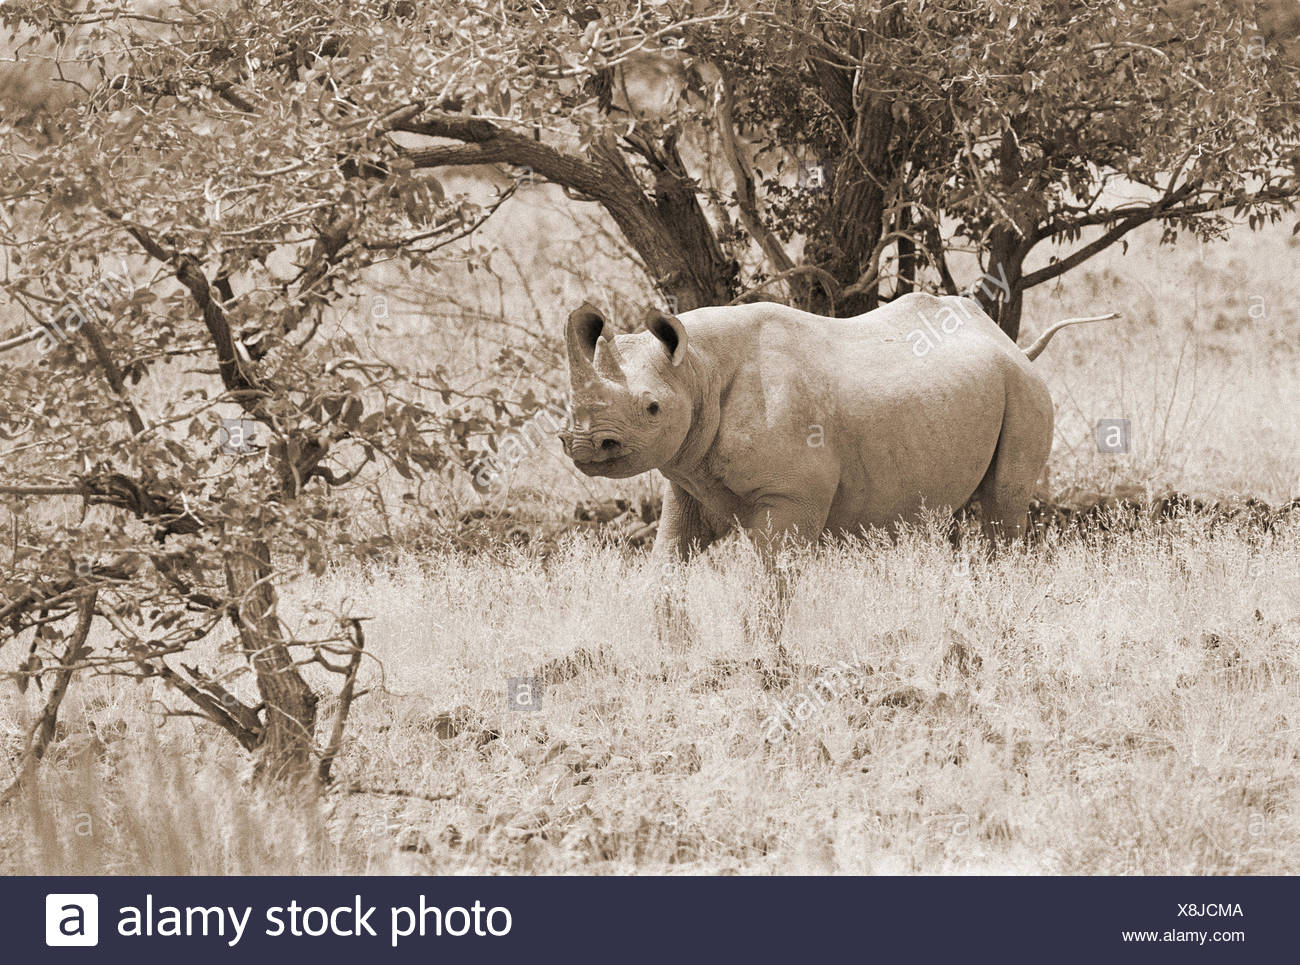 Rhino in long grass under tree, Africa - Stock Image
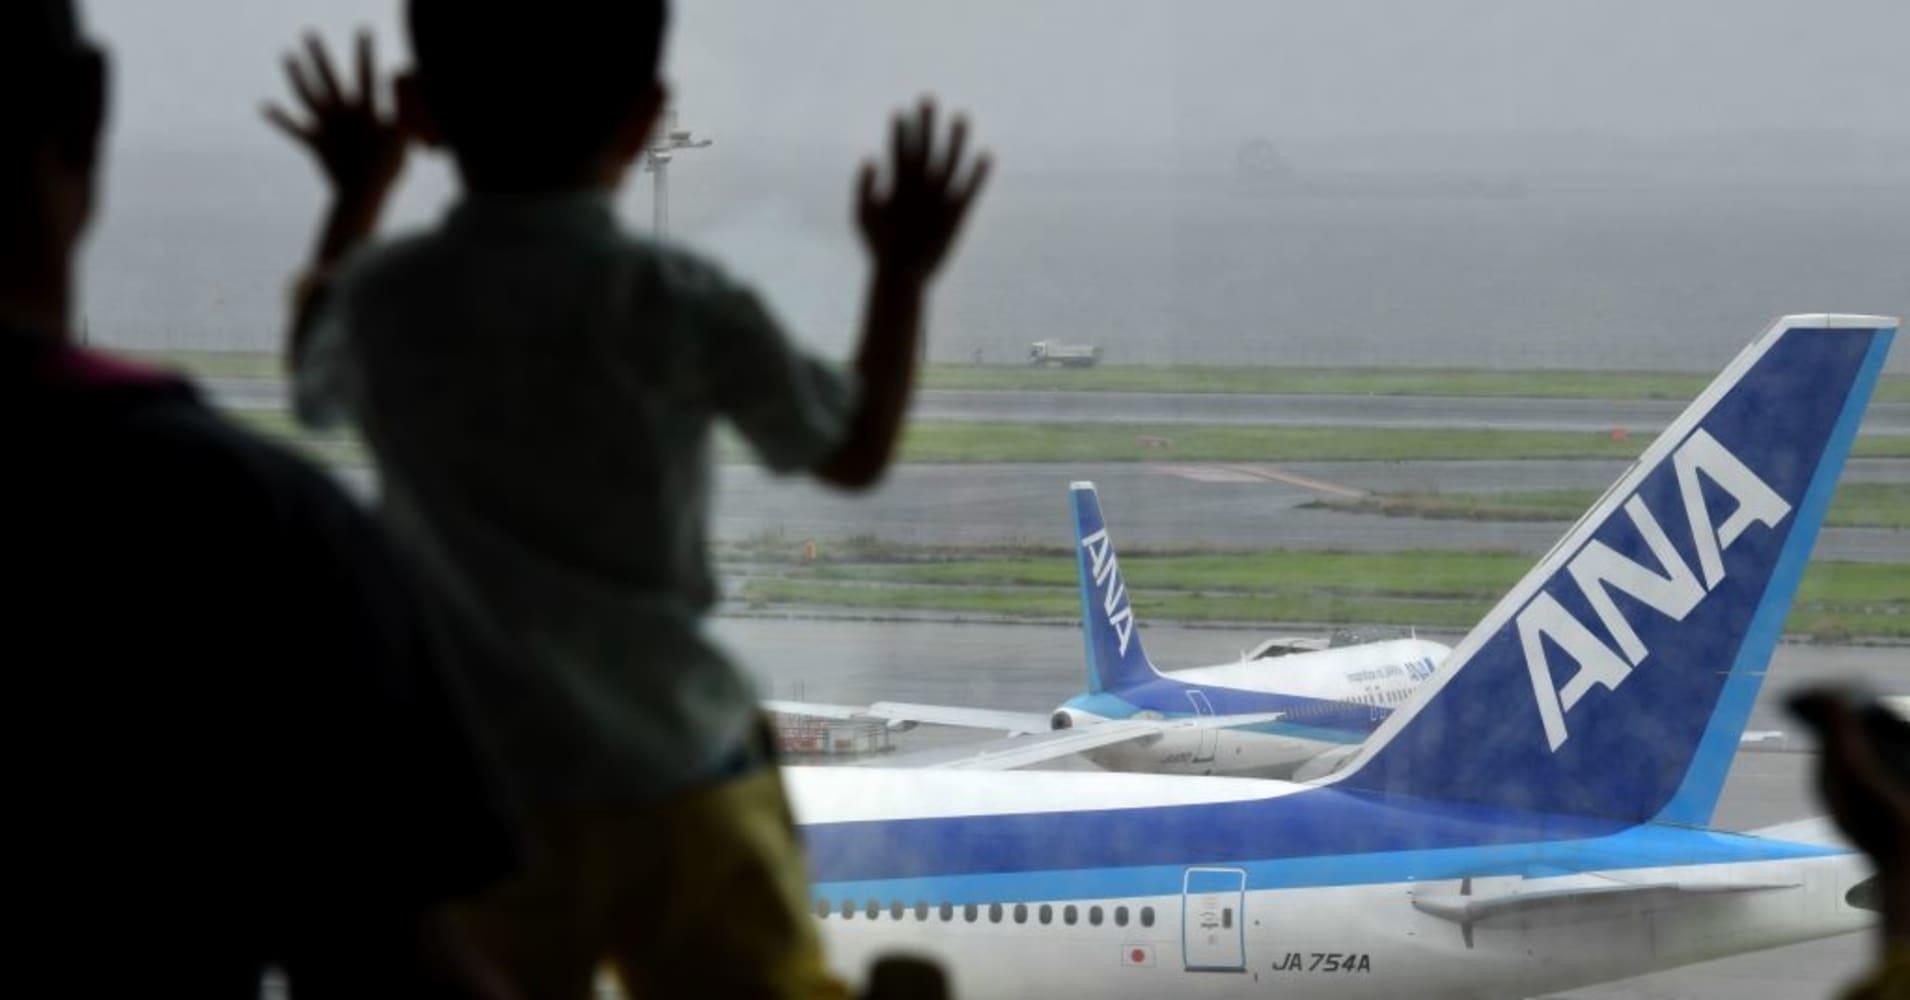 Chrissy Teigen: Tokyo-bound ANA flight turns back to LAX
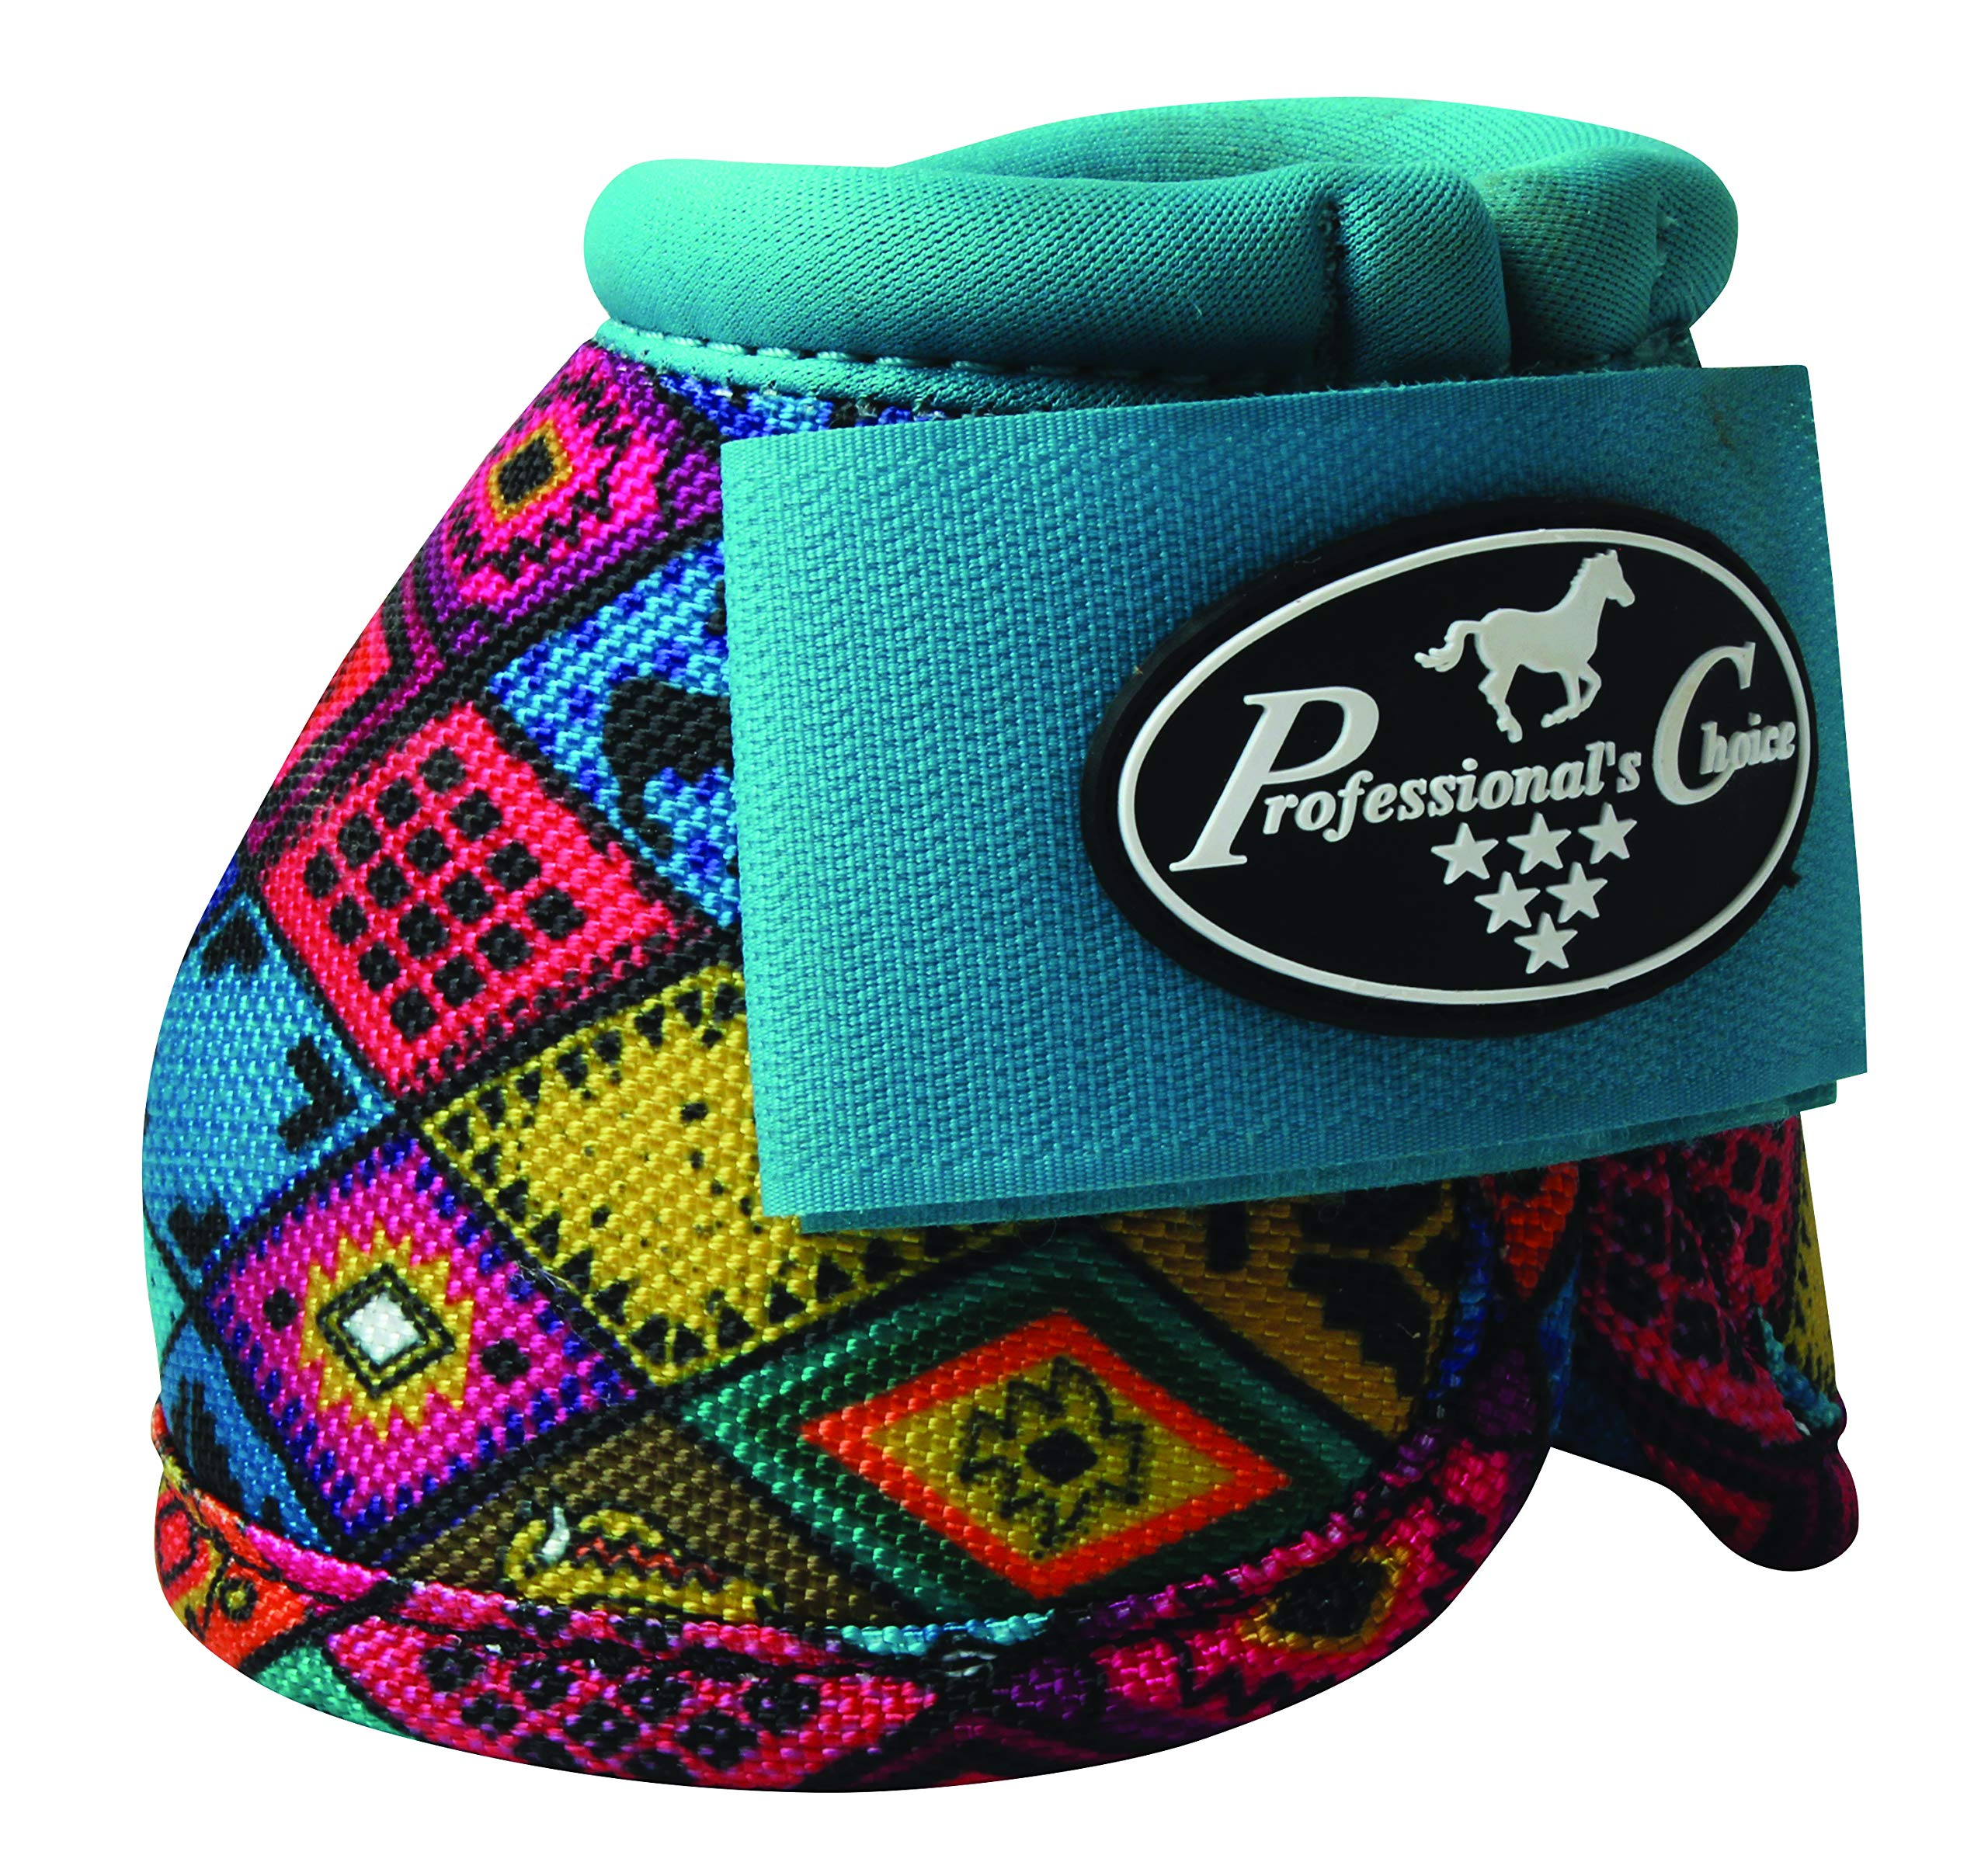 Professional's Choice Horse Equine Overreach Ballistic Bell Boots Ranchero (Medium)

+++

● PROBLEM DETAILS: From the line containing "Chrissy Teigen: Tokyo-bound" to the last line of the listing above, transcribe each line exactly, skipping the pictures.

● SOLVED PROBLEM:
 Chrissy Teigen: Tokyo-bound ANA flight turns back to LAX
 Professional's Choice Horse Equine Overreach Ballistic Bell Boots Ranchero (Medium)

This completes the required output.